In de beginjaren werd door de pers weinig aandacht besteed aan deze nieuwe sport. Men vond het spel te revolutionair, dit had weer te maken met het samenspelen van mannen en vrouwen in één ploeg. Nog steeds vond men dat vrouwen niet aan sport moesten doen. Maar zo rond 1911 werd steeds meer aandacht besteed in de dagbladen aan korfbal. Hierdoor kwam meer bekendheid in andere delen van het land en in de buurlanden.

1928 olympische spelen

Korfbal internationaal

Toen in Nederland korfbal voet aan de grond gekregen had probeerde Nico Broeckhuysen het korfbal in het buitenland te propageren.

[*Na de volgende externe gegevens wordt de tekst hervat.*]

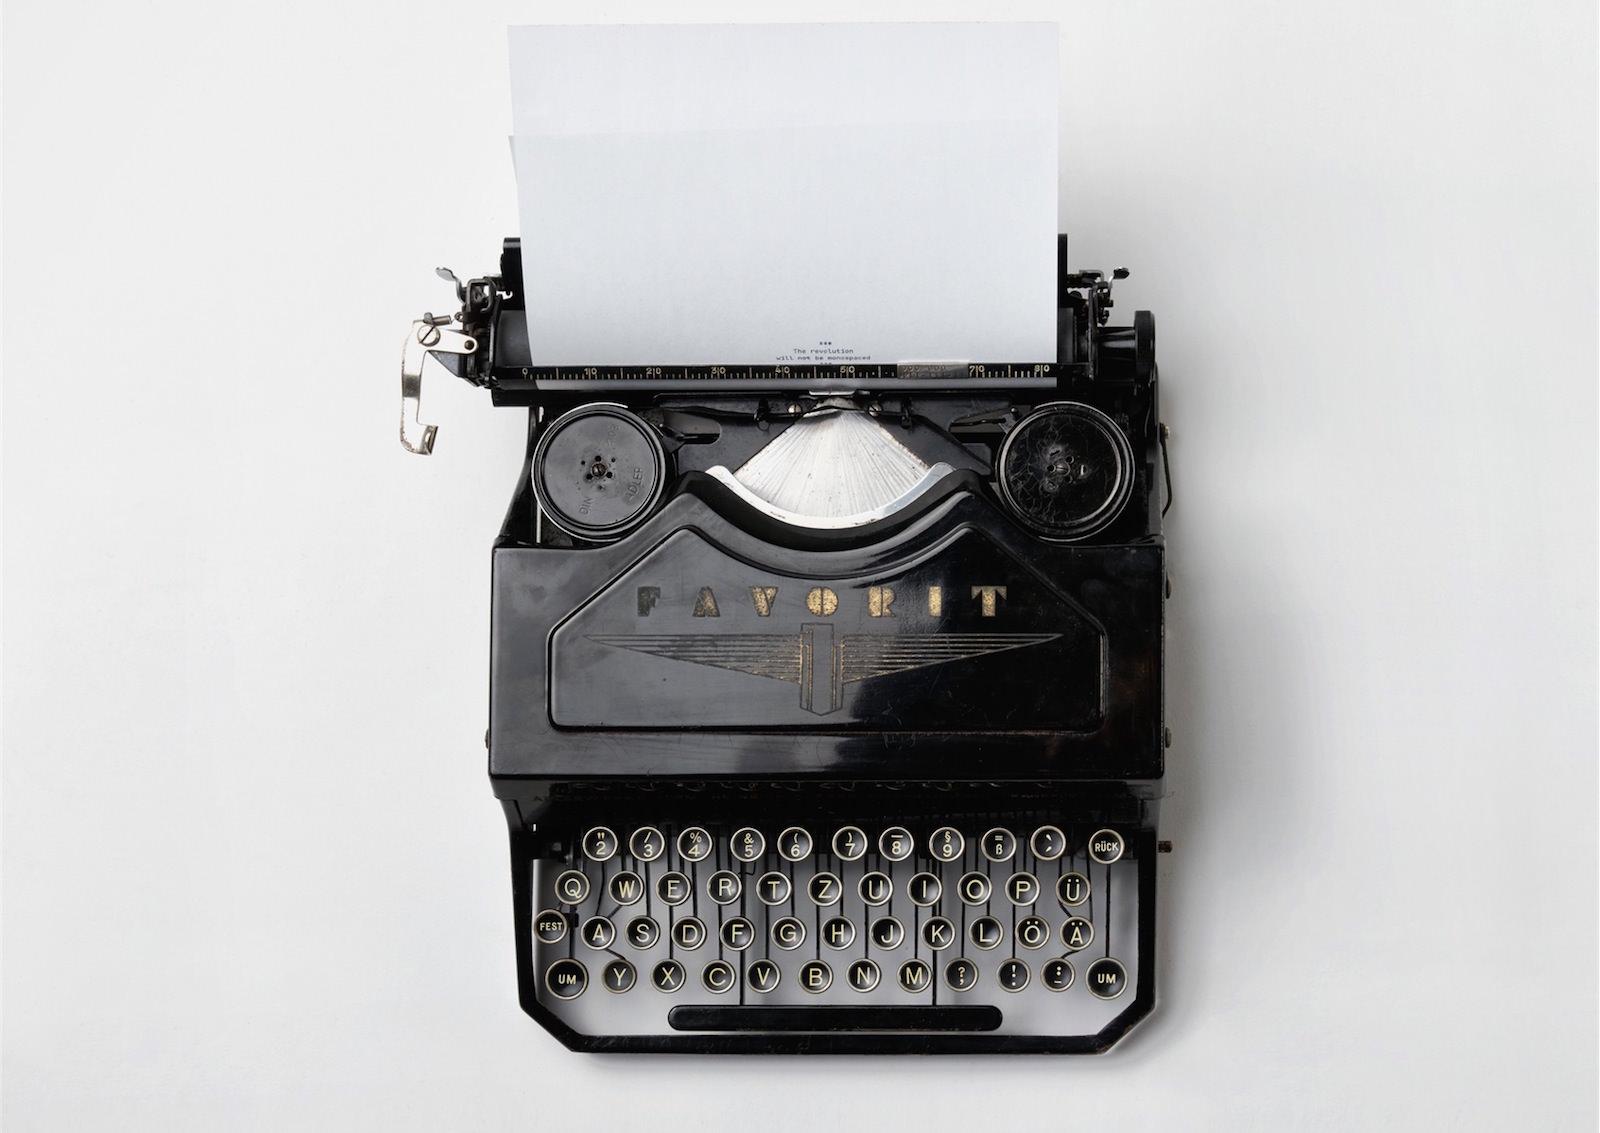 images/header_typewriter.jpg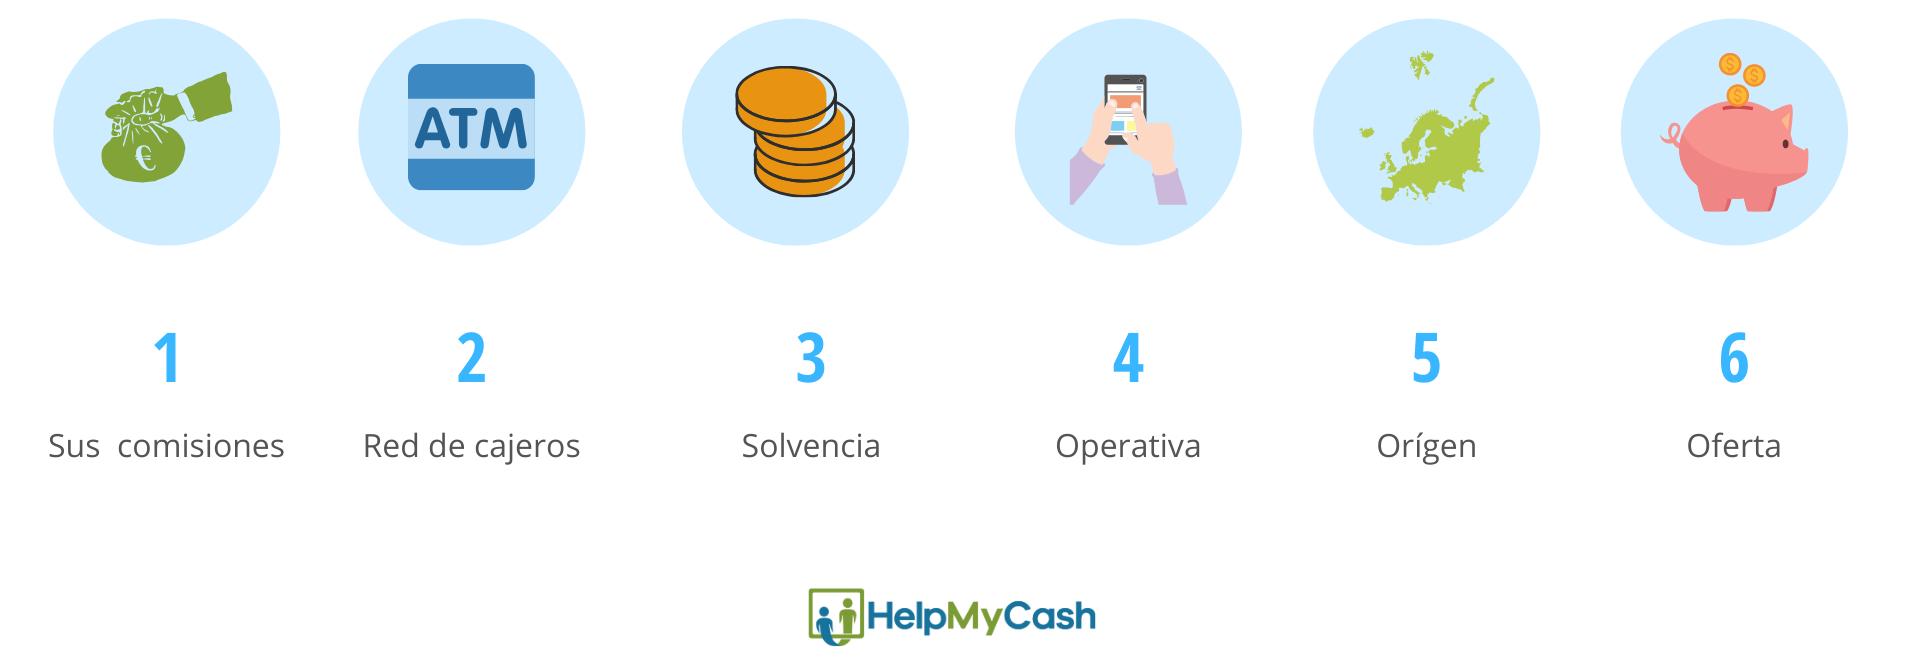 características de los mejores bancos de España: 1- sus comisiones. 2- red de cajeros. 3- solvencia. 4- Operativa. 5- orígen. 6- oferta

In België kreeg korfbal meer bekendheid en daar begon de sport te groeien, in 1921 werd de Belgische Korfbalbond opgericht. De eerste interlands waren demonstratiewedstrijden tegen Nederland tijdens de Olympische Spelen van 1920 in Antwerpen en opnieuw vond een demonstratiewedstrijd plaats tijdens de Olympische Spelen, maar nu van Amsterdam in 1928. Dit was om de korfbalsport uitgebreider onder de aandacht te brengen. Het korfbal is geen Olympische Sport maar wel erkend door het I.O.C. (Internationaal Olympisch Comité) en heeft nog steeds een Olympische status. Misschien wordt het ooit Olympisch!!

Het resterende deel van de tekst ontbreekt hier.